# Power steering leak



## Wally80 (Feb 5, 2015)

Hello, I have a very bad ps leak and Goodyear said it was the pressure line. I was looking at the reservoir line that leads to the back side of the engine and it is wet as well. I have CHilton manual, but it says nothing about this line or the reservoir. I have a 2001 Maxima.

Does anyone know what this line is and how to replace it?


----------



## smj999smj (Jan 1, 2006)

The pressure line that runs from the pump to the metal line has a banjo fitting on the pump with two washers. Make sure you replace the two washers when you replace the line, which are Nissan P/N 49726-Y0100. Put a pan to catch the oil under the vehicle. IIRC, the banjo bolt size is 15/16". Remove the banjo bolt and washers from either side of the hose end. Remove the bolt(s) on the bracket in the middle of the hose. Remove the P/S pressure switch. At the opposite end of the hose, use a line wrench to loosen the flared fitting nut and unscrew the nut. Remove the two, 10mm head bolts on the top bracket and remove the high pressure hose. Reverse to install.

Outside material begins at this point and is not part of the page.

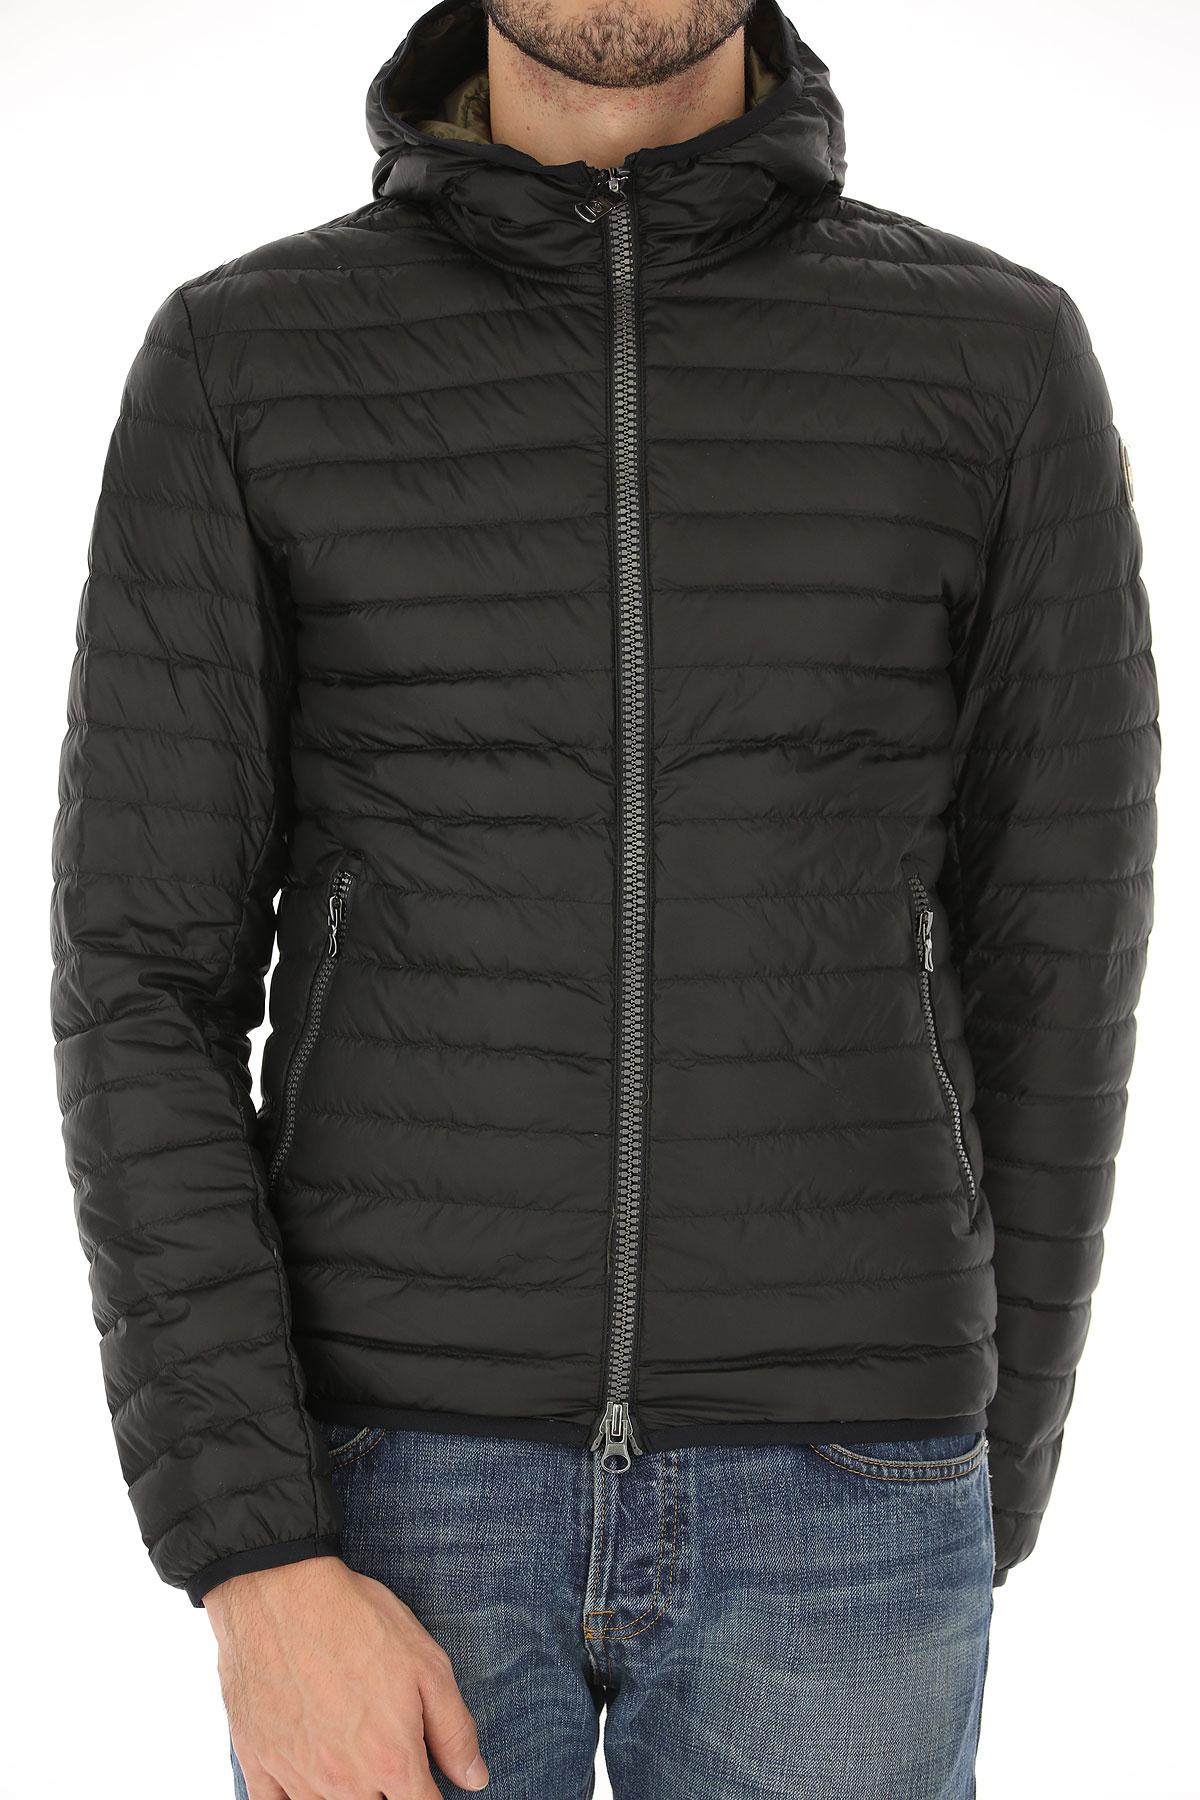 Colmar Down Jacket For Men in Black for Men - Lyst

If you are replacing the suction hose, the hose that runs between the reservoir and the pump, remove the two clamps and remove the hose. Reverse to install.

Add P/S fluid and turn the steering wheel lock to lock with the wheels off the ground about twenty times to work out the air before starting the engine. Continue turning lock to lock and adding fluid as necessary to purge the air out of the system.


----------